Supporters of the doctrine claim that its existence has allowed agencies to make more progressive policy decisions on issues ranging from water quality to aircraft safety. Scholars have noted that if Chevron were to be overturned, the judicial branch would have too much power over executive branch actions. Agencies are respected experts in their field. They have been designated to fill the statutory gaps with knowledge-based regulations. The overturn of the Chevron doctrine would give judges more of an ability to influence statutory regulation in a potentially biased manner, which would have a major impact on environmental policymaking. The Chevron doctrine gives agencies the flexibility to address environmental statutes without fear of potential litigation, protecting the interest of the agency. Progressive agency decisions are more likely to be upheld in court when the Chevron doctrine is cited.
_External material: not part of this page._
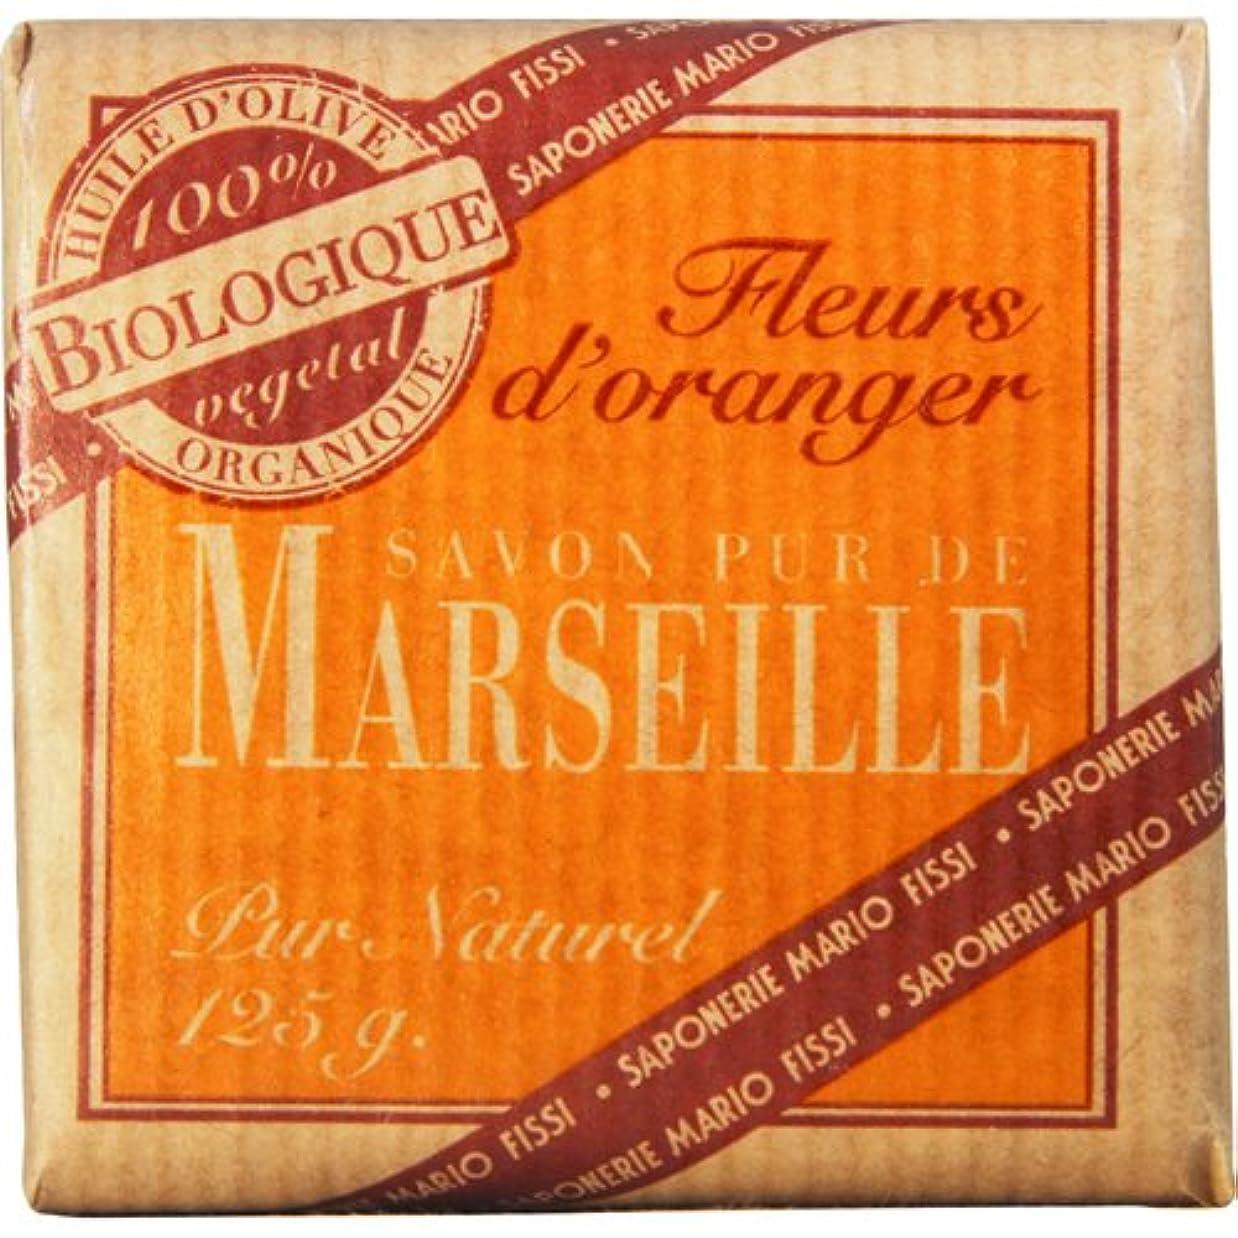 慢葉巻ピアノを弾くSaponerire Fissi マルセイユシリーズ マルセイユソープ 125g Orange Flower オレンジフラワー

The fate of the Chevron doctrine is now in the hands of the Supreme Court. The doctrine has allowed federal agencies, such as the EPA, to interpret ambiguous statutory language and implement regulations grounded in specialized expertise. This deference has enabled the creation of progressive policies addressing critical issues from environmental protection to public safety. Overturning the Chevron doctrine could shift substantial power to the judicial branch, allowing judges to have greater influence over executive actions and potentially bias statutory regulations. This change would significantly impact environmental policymaking by increasing litigation risks and reducing agencies’ flexibility to enact science-based regulations. Upholding Chevron ensures that agencies continue to play a vital role in shaping informed and adaptive environmental policies, maintaining a balance between legislative intent and expert regulation.